Stereology & confocal microscopy

Neurogenesis was assessed in the DG by counting the number of BrdU-immunoreactive (BrdU-IR) and BrdU-NeuN-IR cells in various layers of the DG. The granular cell layer (GCL) was subdivided into an inner and outer half (iGCL and oGCL). The iGCL consisted of the subgranular zone (defined as a 2–3 nuclei thick layer bordering the GCL) and the inner half of the GCL adjacent to the Hilus (Hil); the outer GCL (oGCL) was defined as the half of the GCL adjacent to the molecular layer (Mol) as described previously28. To assess cell proliferation, Brdu-IR cells were counted in every 5th section using a 40× oil objective of a Nikon 90i fluorescent microscope equipped with a Nikon C1 3-laser confocal system. Employing principles of unbiased stereology, the optical fractionator method was used to estimate cell counts for the DG29. For each brain, at least 100 cells were counted based on coefficient of error determinations. To assess neuronal maturation, BrdU-NeuN-IR cells were counted using 100× oil objective in every 10th section.
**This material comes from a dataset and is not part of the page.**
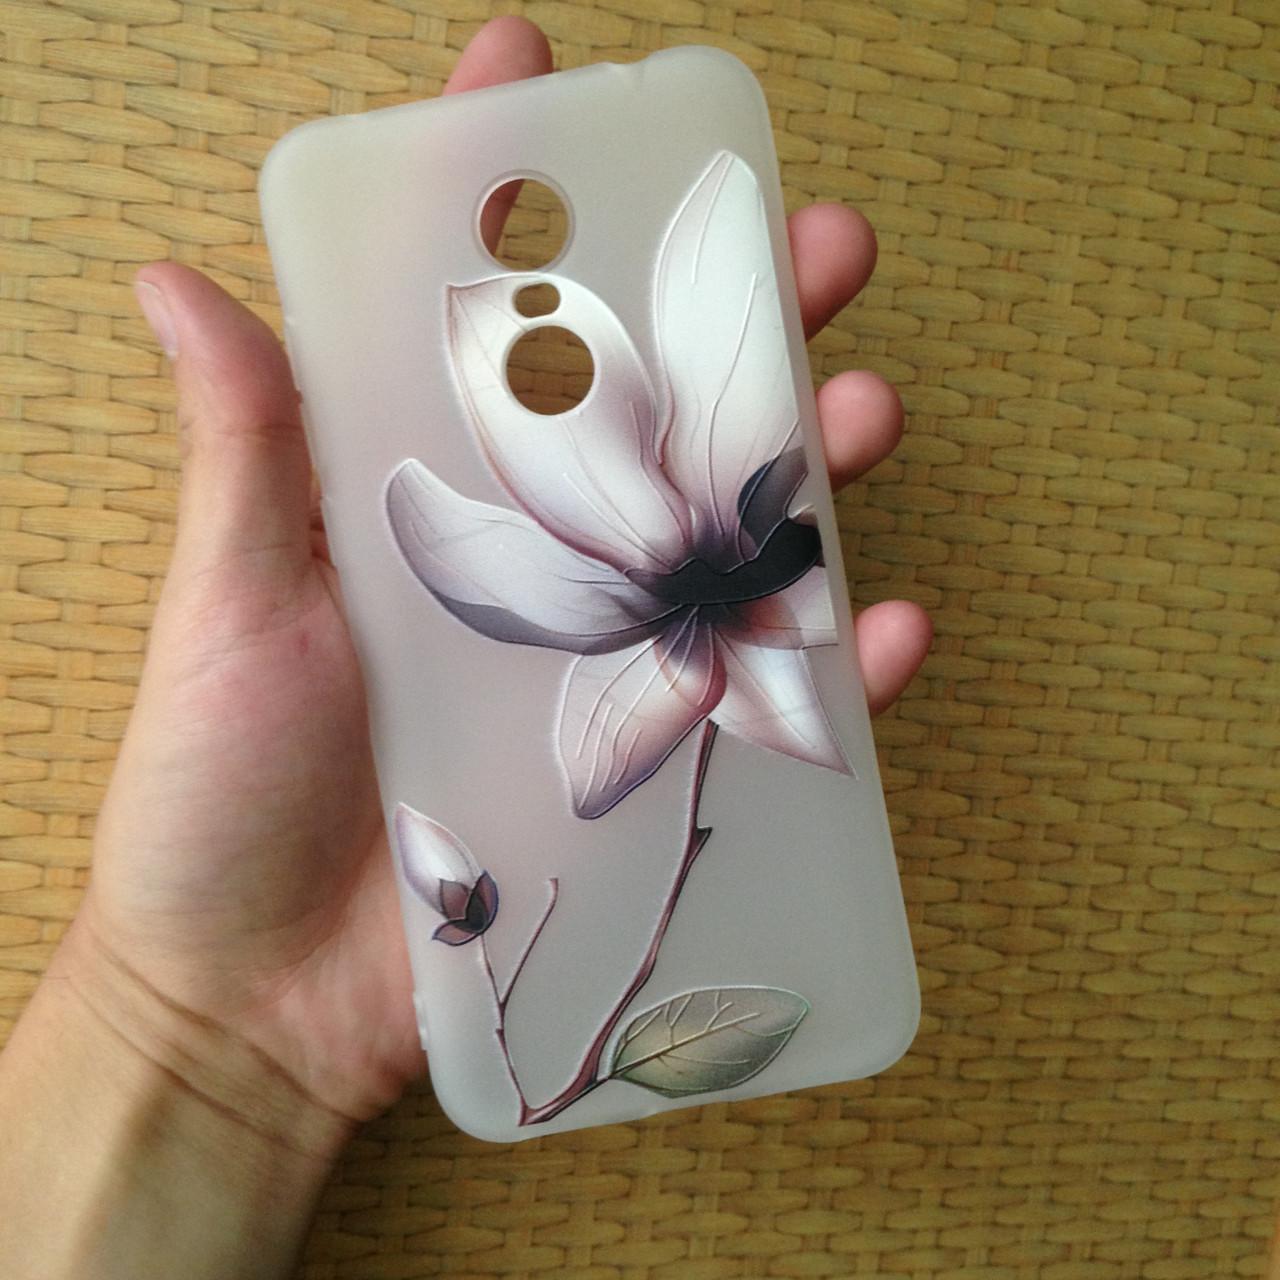 Чехол для Xiaomi Redmi 5 Plus, бампер, накладка, чохол, силиконовый, силіконовий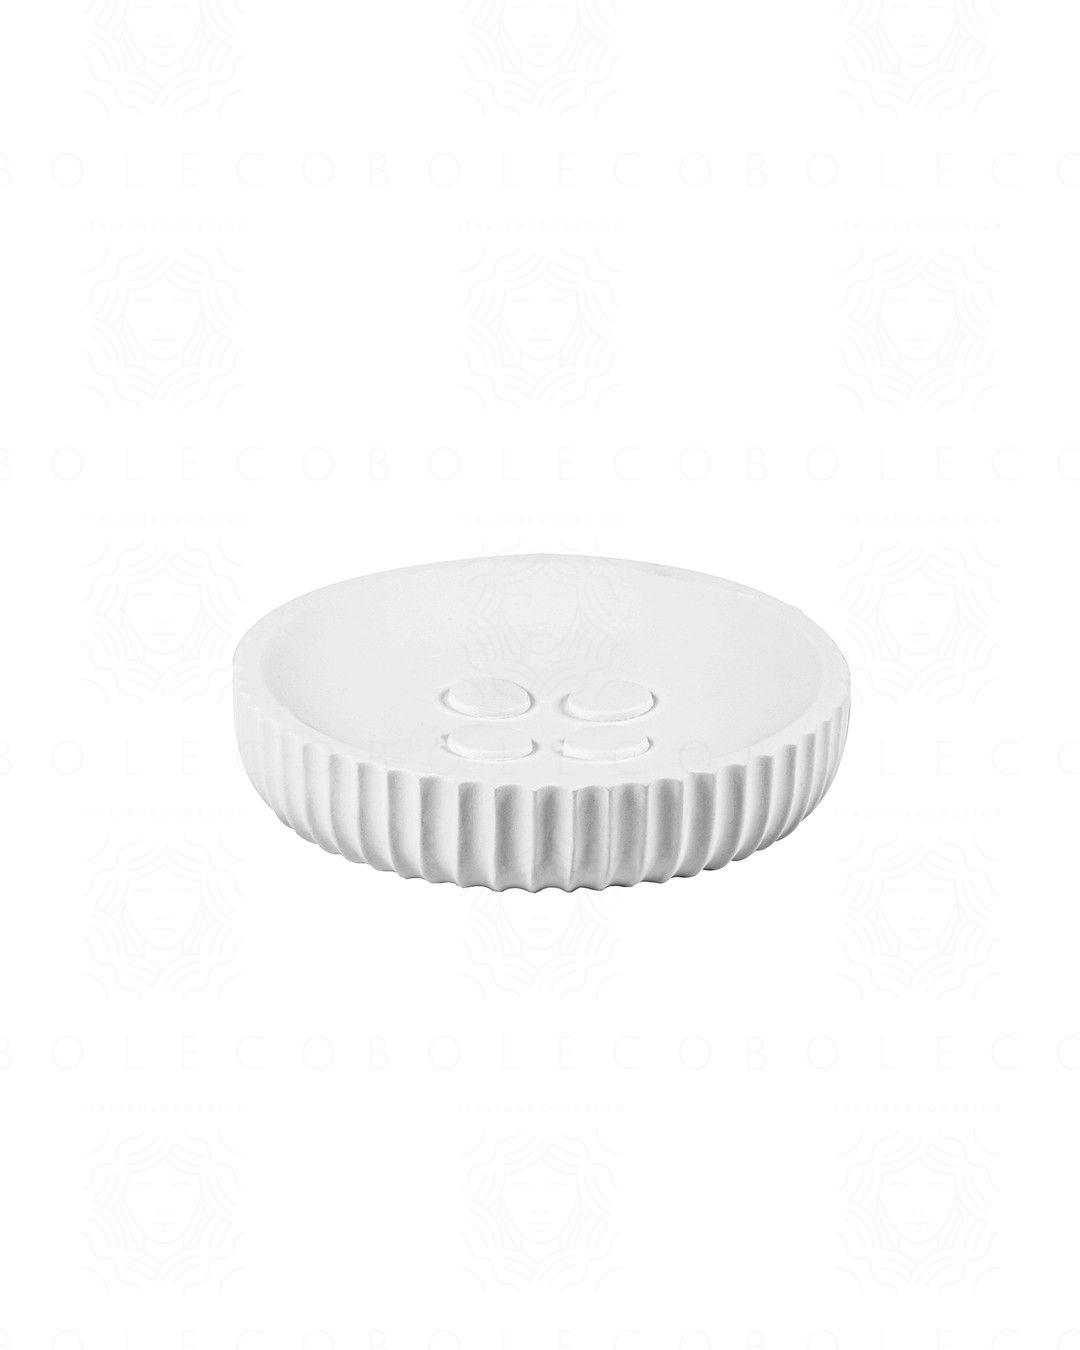 Porta sapone Plisse cm. 11,5x2,5

To ensure objectivity, z-stacks were collected for each double IR cell and analyzed later by generating maximum projection and 3-D constructs. A cell was counted only when it showed double IR on 3-D reconstructed images.

MRI acquisition

MRI was performed on a 4.7 Tesla dedicated research MR scanner (Bruker Biospin, Ettlingen, Germany), equipped with a small-bore linear radiofrequency coil (72 mm). All data processing was performed using in-house developed software written in 64-bit MATLAB (Mathworks, Natick, MA, USA) running on a UNIX machine. Initial localizer images were acquired followed by T2-weighted (T2WI) and diffusion-weighted images.

Behavioral Testing

Behavioral testing included spatial reference memory test in the Morris Water Maze (MWM)30 as described previously19 and detailed in the Supplemental Methods (see Supplemental Digital Content 1).

Statistics

Data are presented as mean with standard error of mean (SEM). Kolmogorov-Smirnov test was used to determine normality of the data. For stereological studies an unpaired Student’s t-test was used. For immunohistochemical analysis involving multiple groups, ANOVA with post hoc Bonferroni’s test was used. Further intergroup comparisons involving the effect of TBI and/or treatment were performed using unpaired Student’s t-test. For behavioral studies, either one-way or repeated measures ANOVA tests were used with post hoc Tukey or Bonferroni tests where appropriate. Statistical outliers were detected using Grubbs test for normally distributed data. Differences with p < 0.05 were considered significant.

RESULTS

Anatomical extent of brain injury in TBI-mice

Imaging studies performed 6 weeks after induction of TBI revealed extent of structural damage to the brain. Although the depth of brain deformation was kept at 1.5mm, T2W MRI showed involvement beyond the contusion, including hippocampus and its subregions: DG, CA1 and CA3 regions (Figure 1C–D). Nissl staining revealed a smaller and shrunken ipsilateral hippocampus compared to contralateral side (Figures 1E and 5A). There was obvious shrinkage of ipsilateral parietal somatosensory cortex on Nissl staining (Figure 1E).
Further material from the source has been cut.